**Required work**
Write out exactly the lines from the one containing "Sandal - Finance" to the end of the material, both ends included, and nothing else. Leave pictures out.

**Collected data**
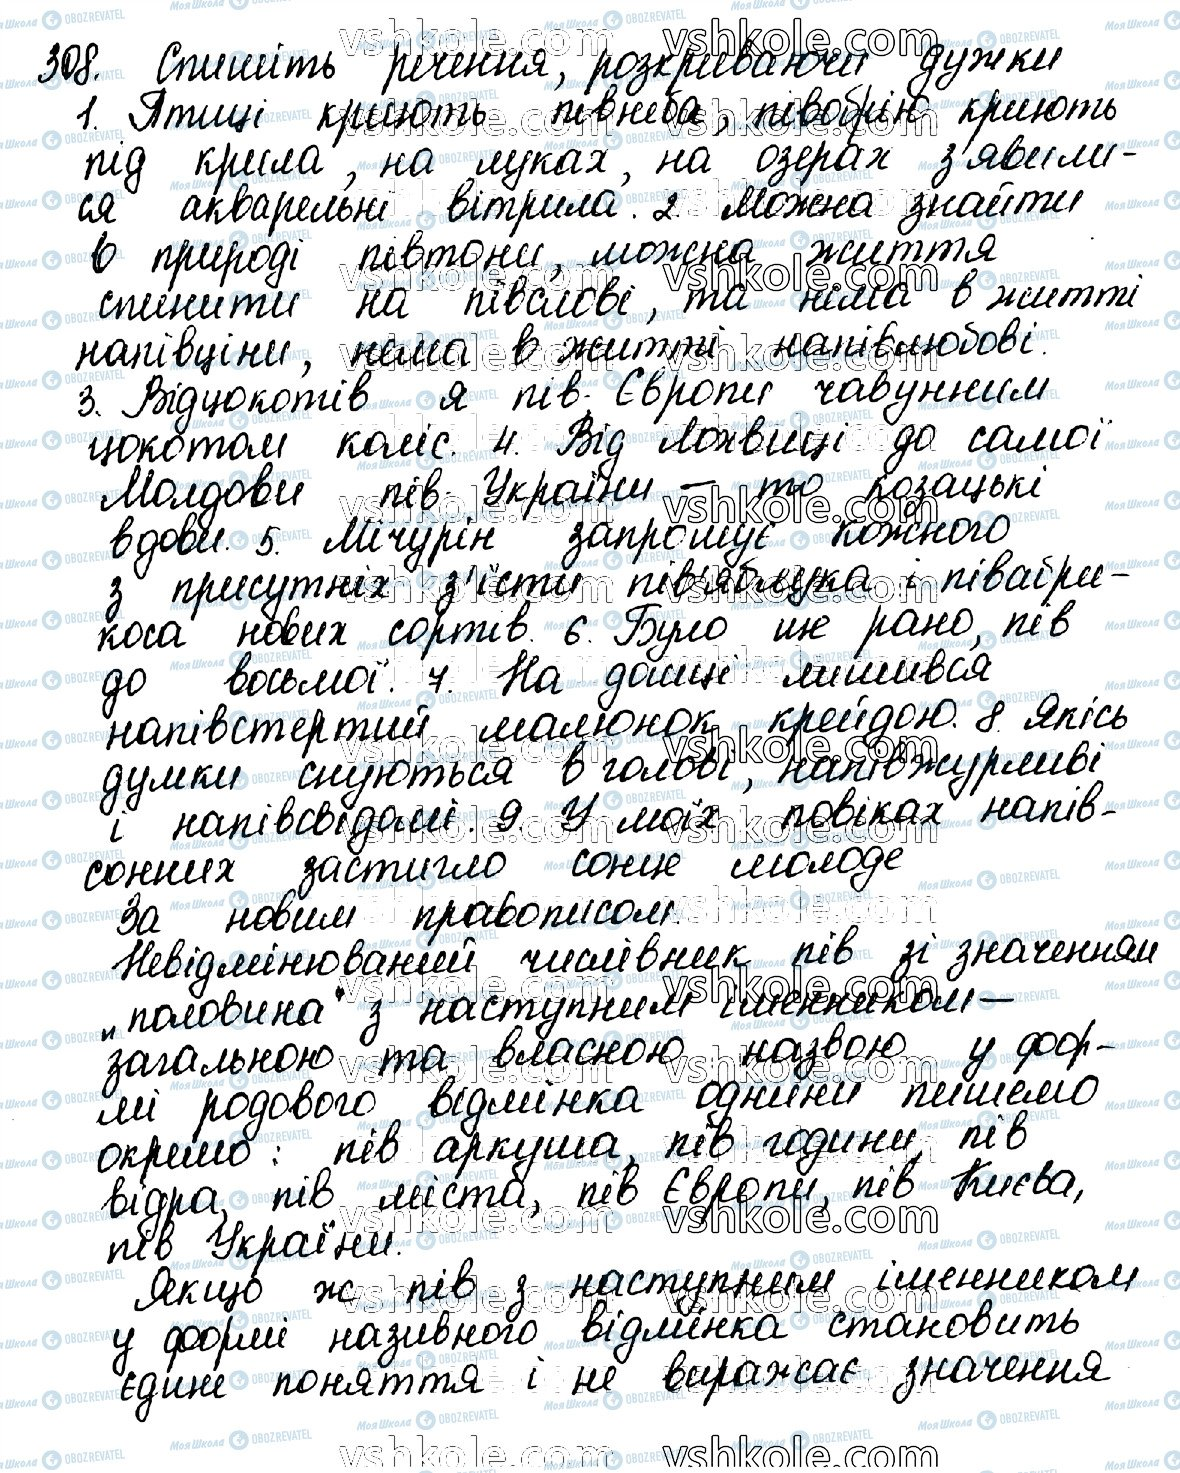 ГДЗ Укр мова 10 класс страница 308
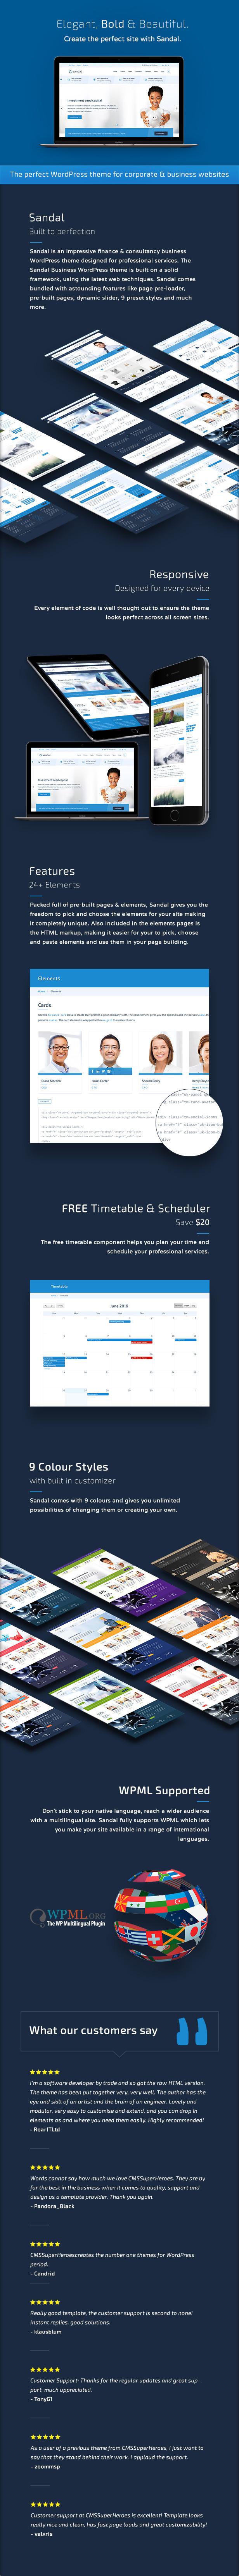 Sandal - Finance & Consultancy Business WordPress Theme - 1
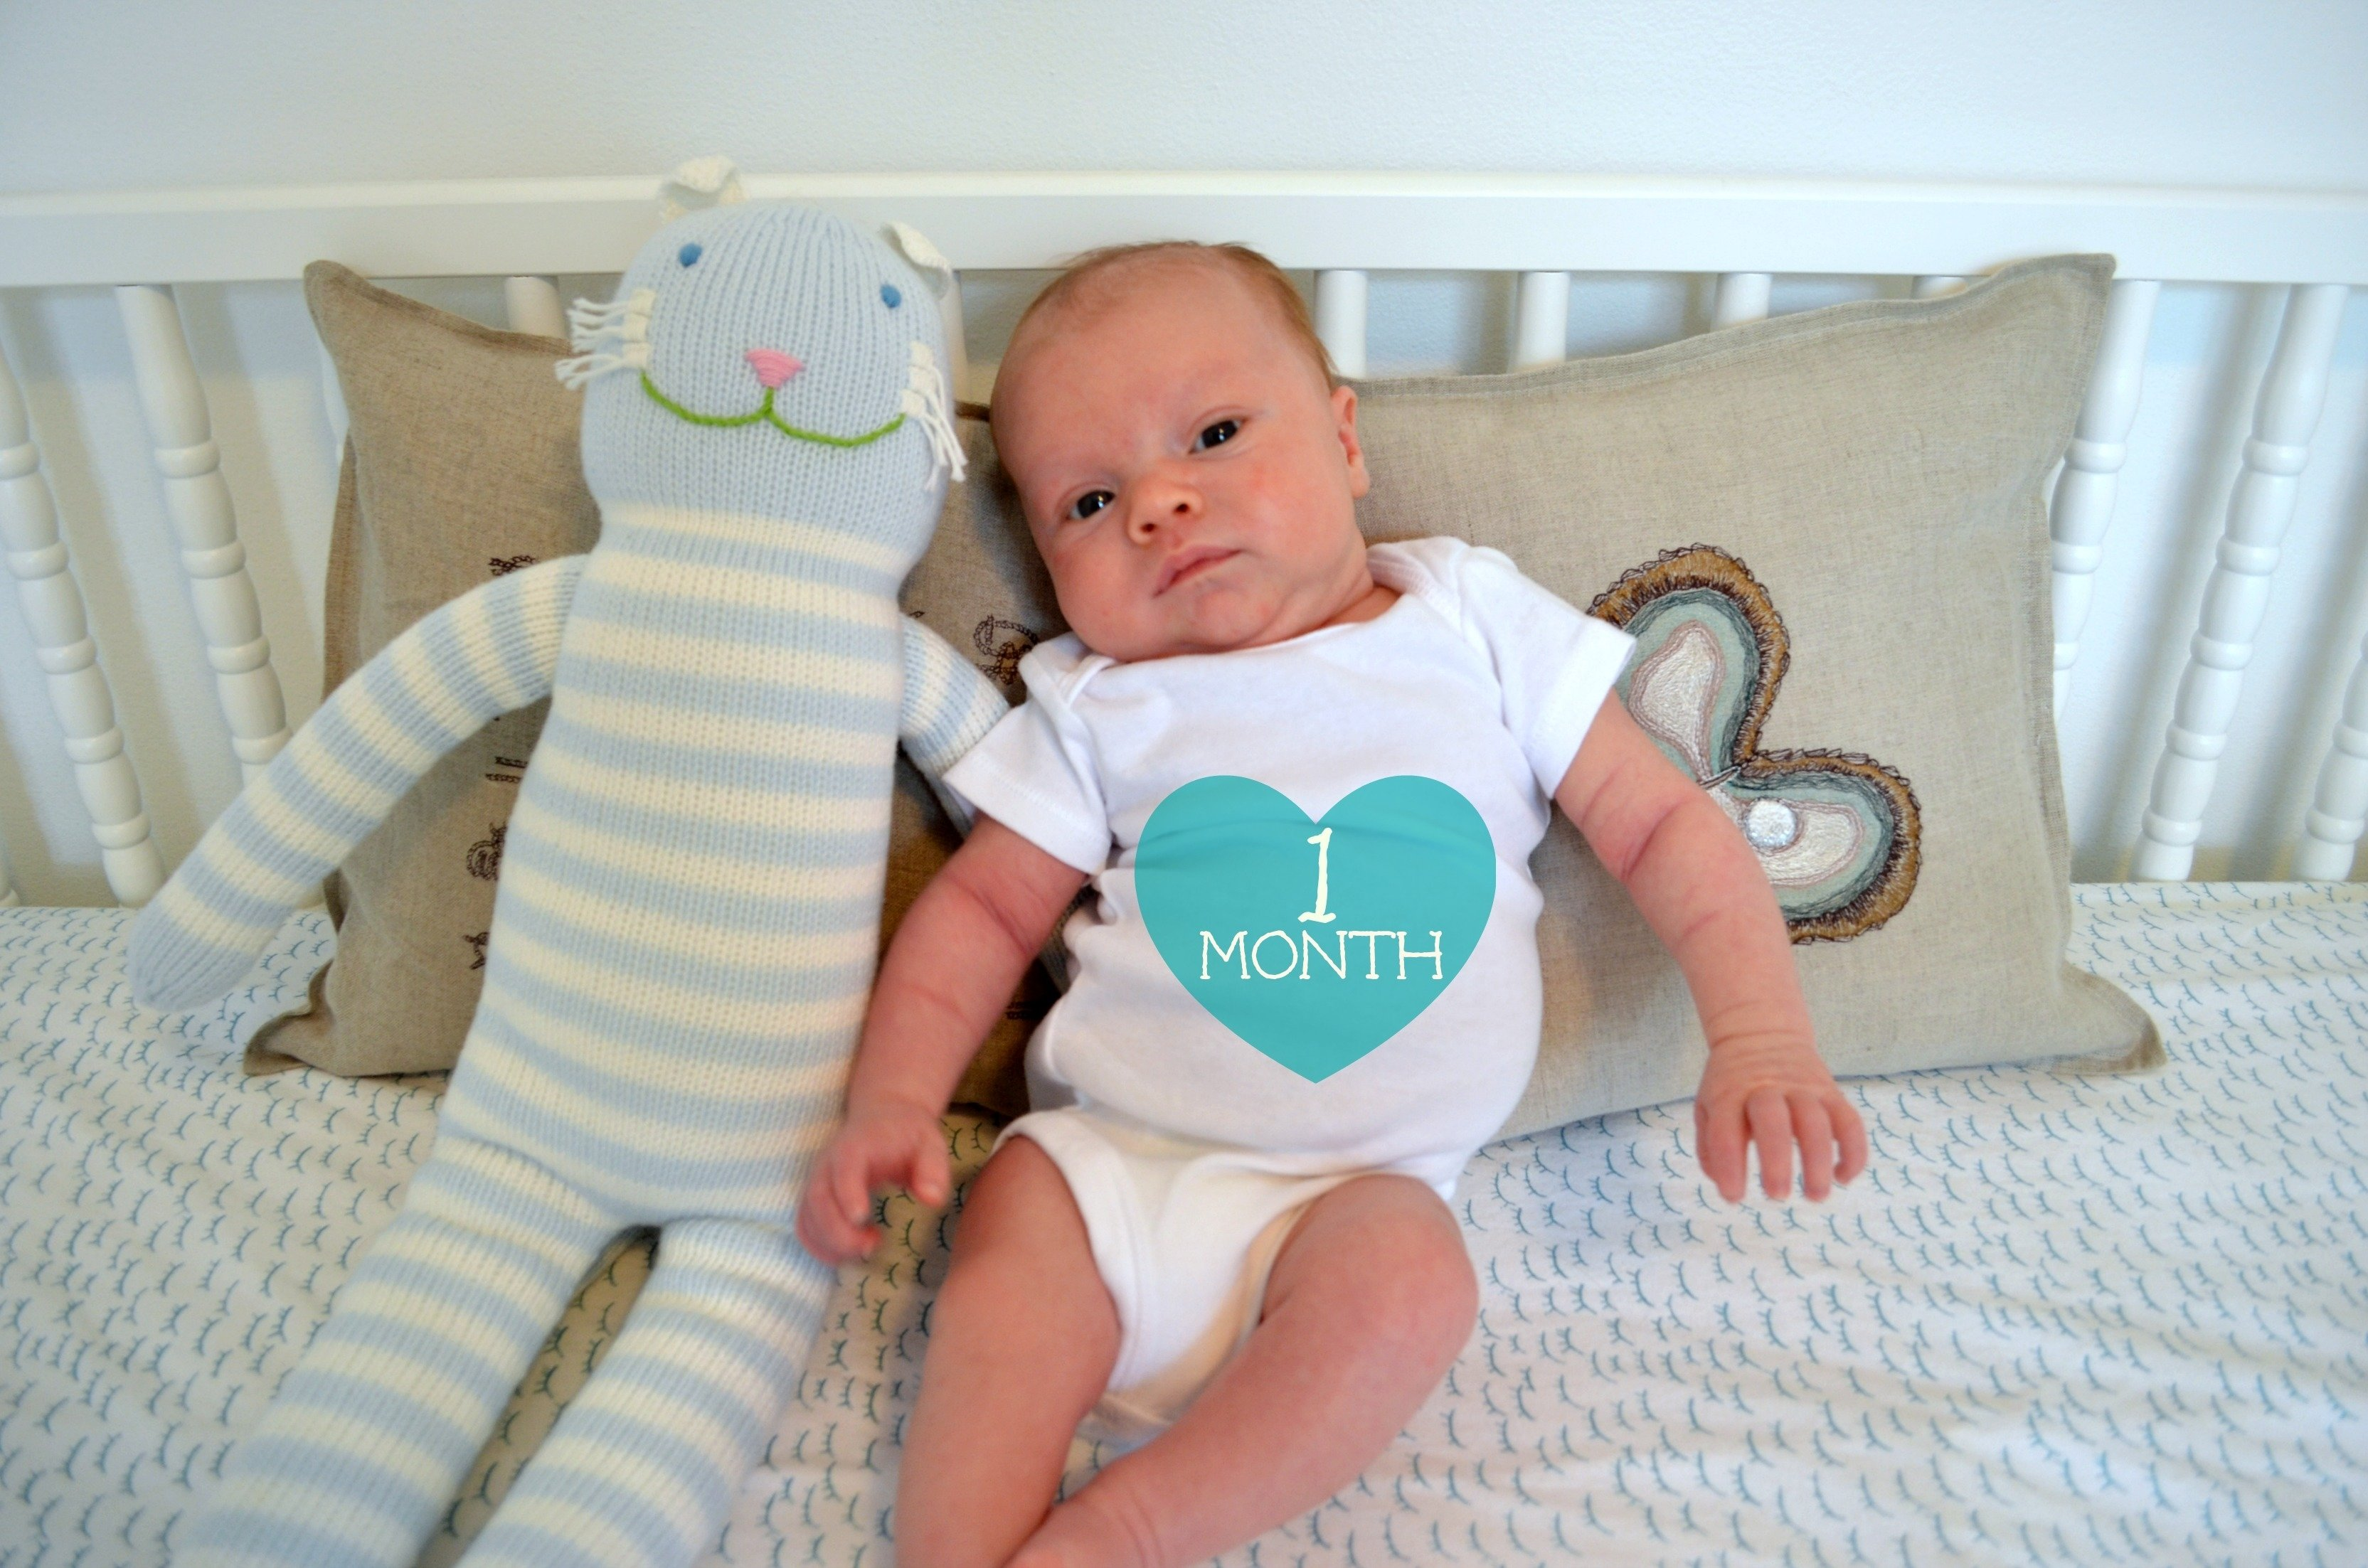 10 Unique 1 Month Baby Picture Ideas one month mother update blackbird ideas 1 2020

**Solution to the exercise**
 Sandal - Finance & Consultancy Business WordPress Theme - 1
 10 Unique 1 Month Baby Picture Ideas one month mother update blackbird ideas 1 2020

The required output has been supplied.